No, you'll get a lot more.

The current estimate isn't totally useless, as you can look at current expenditures now to create a monthly budget for planning purposes in the future.

Quote:
Originally Posted by ScotsmanUS View Post
- Do I lose out by not working for the next 10 years or so, ie, I have a 35 yr record but when I retire at 70, I will still have the same 35yr history buy no payments for the last 10 years - does that impact things?
Not really.

Quote:
Originally Posted by ScotsmanUS View Post
- Does the estimated number continue to grow with Inflation/COLA over the next 10 years before I start payments ?
Yes, plus there are other adjustments.

Your wages are indexed to the 2nd year before the year you apply. You'll be applying in 2029, so your wages will be indexed to 2027.

By 2027, the average wage should be $59,420 or higher. So, if you earned $15,000 in 1985, divide $59,420 by $15,000 which is 3.96 then multiply that by $15,000 and you get $59,400 and that is what Social Security uses to determine your average monthly income, not the $15,000.

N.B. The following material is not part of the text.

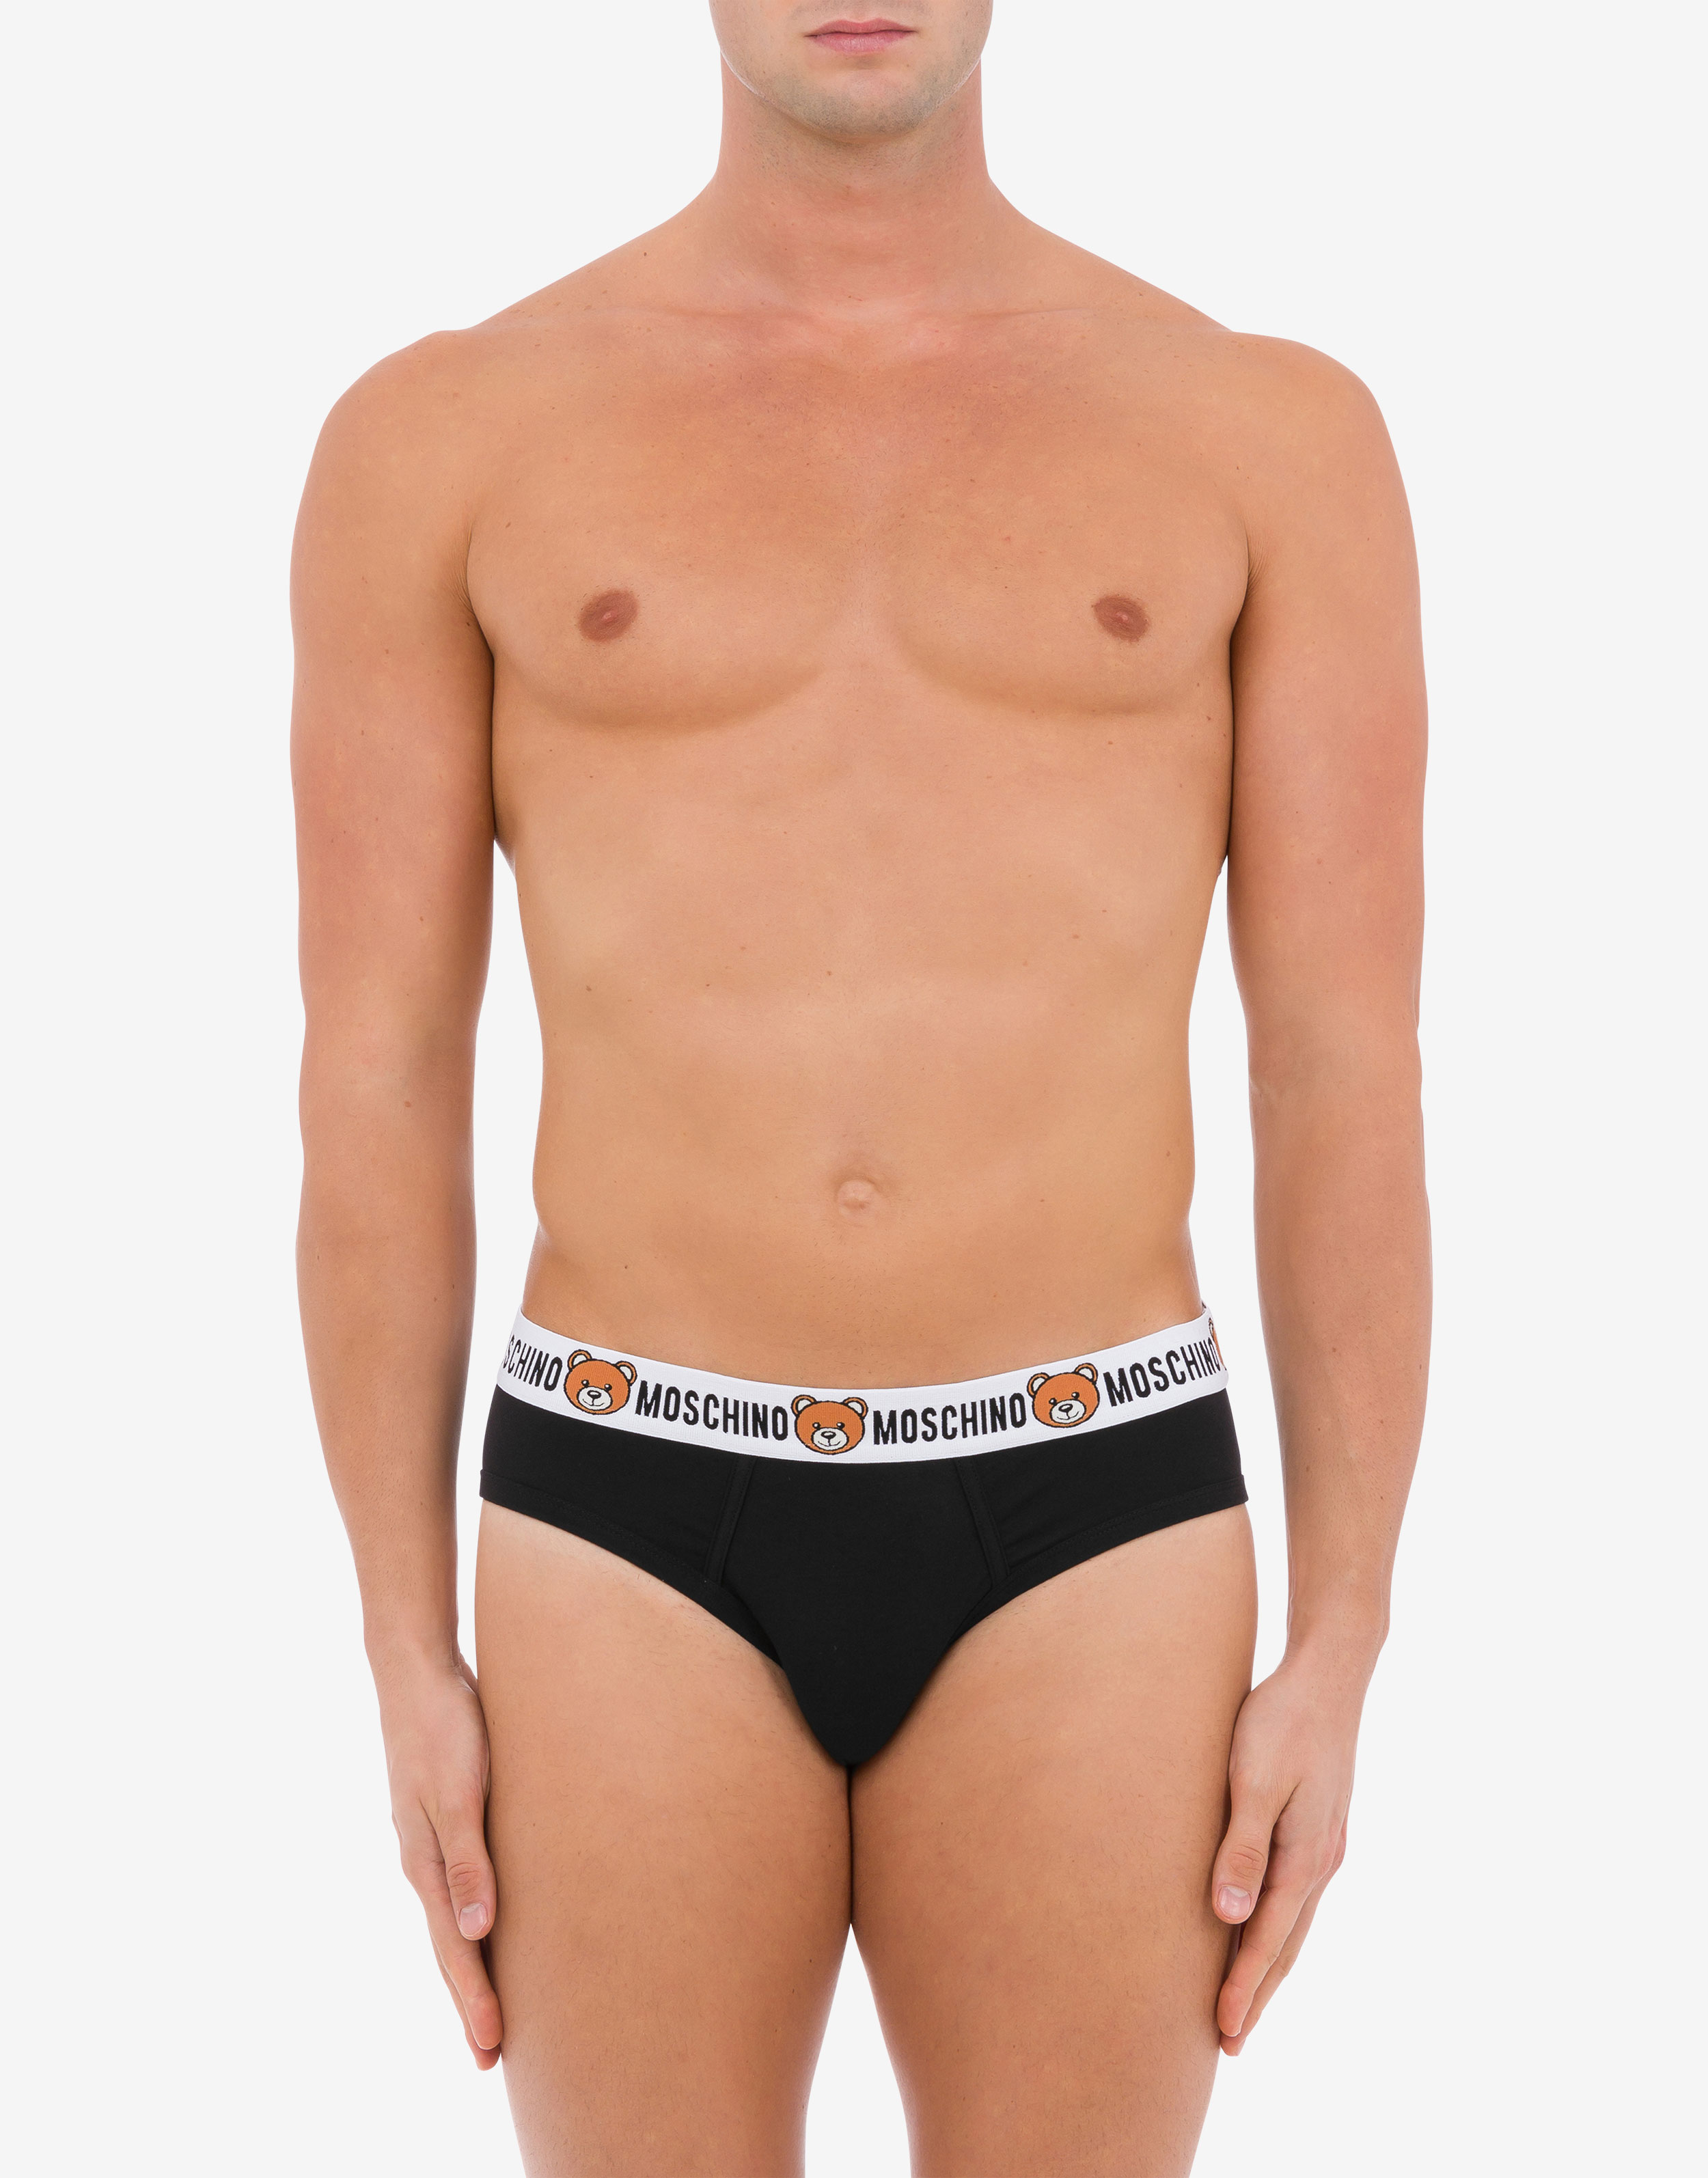 Moschino Underwear - Boxer for Man - White - 322V1A139543005555
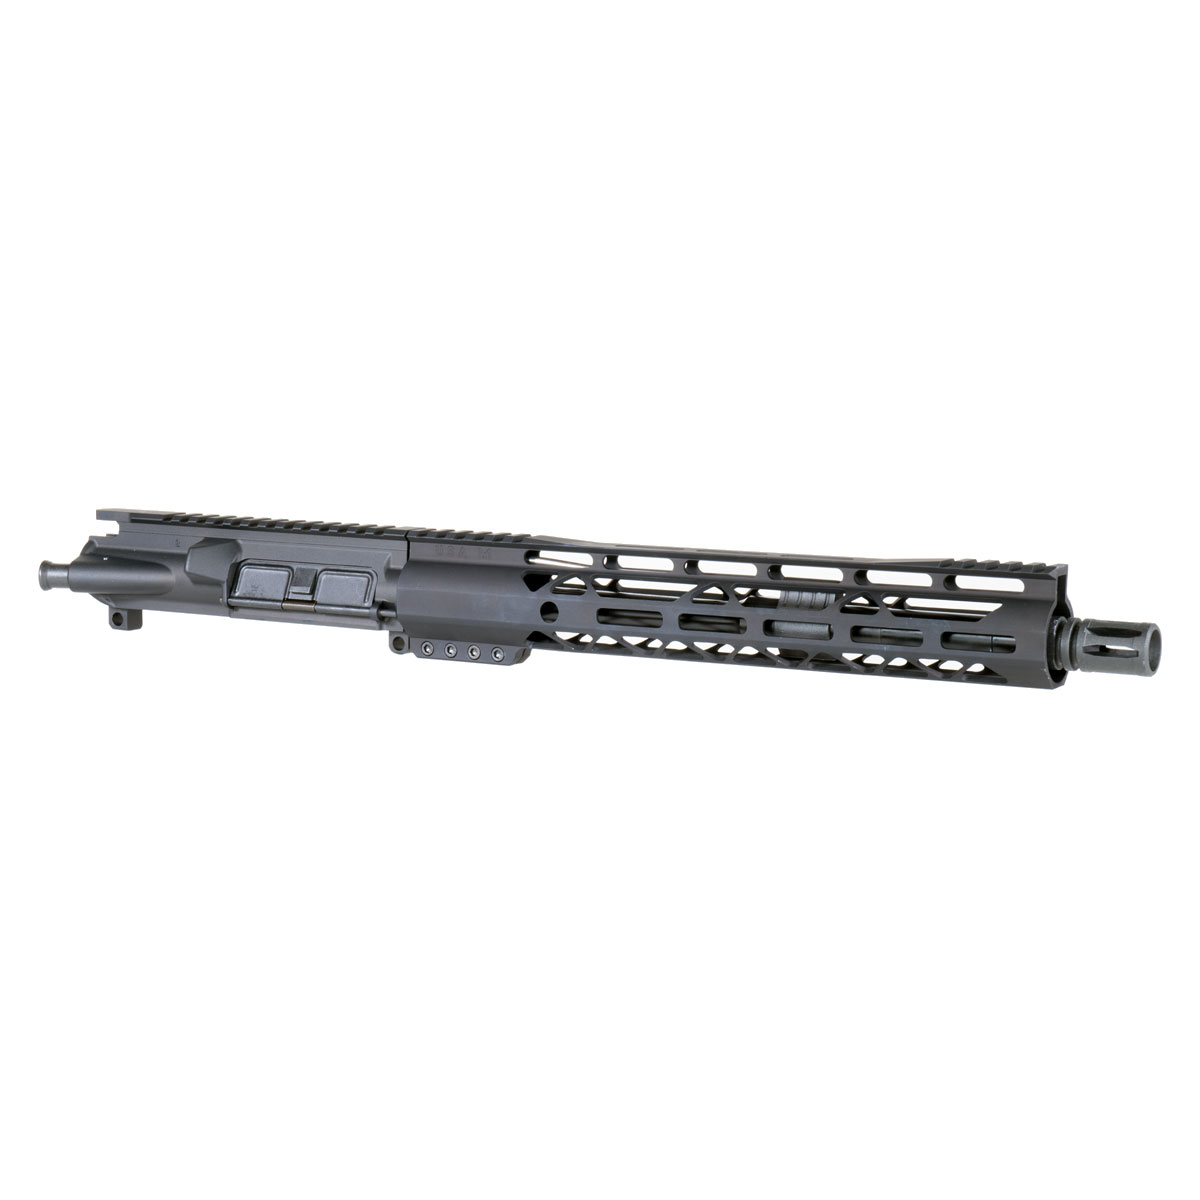 Davidson Defense 'Reckoner' 12.5-inch AR-15 5.56 NATO QPQ Nitride Pistol Upper Build Kit

The Primary Insurance Amount goes up every year, too. This year it is 90% of $895, but in 2019 it is 90% of $926 so the base amount went from $805/month to $833/month.

If you work a few more years, assuming you made as much or more, it results in lower wage years being kicked out, because Social Security takes your 35 highest wage years, indexes them and then divides the total by 420 to get your average monthly wage, then you apply the bend points to determine the actual benefit amount.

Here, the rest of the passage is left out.